China: Considering the Path Not Taken

n a visit to China in the summer of 1988, I encountered a widespread sense of drift and despair. The official inflation rate at 18.5 percent, and the actual rate was probably higher. State statistics said that 21 percent of urban workers had suffered a decline in living standards. In big cities, residents needed to routinely pay bribes if they wanted phone lines, electricity service, mail deliveries, or medical attention. Intellectuals were criticizing China’s political leaders, its political system, and even its national culture and national character. “Nineteen-eighty-eight ushered in a season of discontent that is perhaps unique in China’s post-revolutionary history,” I wrote in an article published later that year.
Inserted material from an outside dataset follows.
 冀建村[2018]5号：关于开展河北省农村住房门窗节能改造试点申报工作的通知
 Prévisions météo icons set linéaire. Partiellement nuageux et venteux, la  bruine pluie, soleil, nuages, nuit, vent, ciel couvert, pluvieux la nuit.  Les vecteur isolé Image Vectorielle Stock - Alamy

Such a dark mood was surprising at the end of a decade of what the official propaganda apparatus called “reform and opening”—Chinese leader Deng Xiaoping’s ambitious campaign to restructure China’s economic system and open the country to global markets after the stagnation and autarky of the Mao Zedong years. Not an expert in economics, Deng relied on China’s premier, Zhao Ziyang, to figure out how to reform the economy. Zhao contracted agricultural land to farming families to manage as they saw best; authorized villages and townships to set up small-scale, effectively private enterprises; and opened special economic zones such as Shenzhen and other production bases where investors from Hong Kong, Taiwan, and other market economies could set up factories to import raw materials and export products free of tariffs. These and other reforms achieved remarkable success. From 1978 to 1988, China’s GDP more than doubled.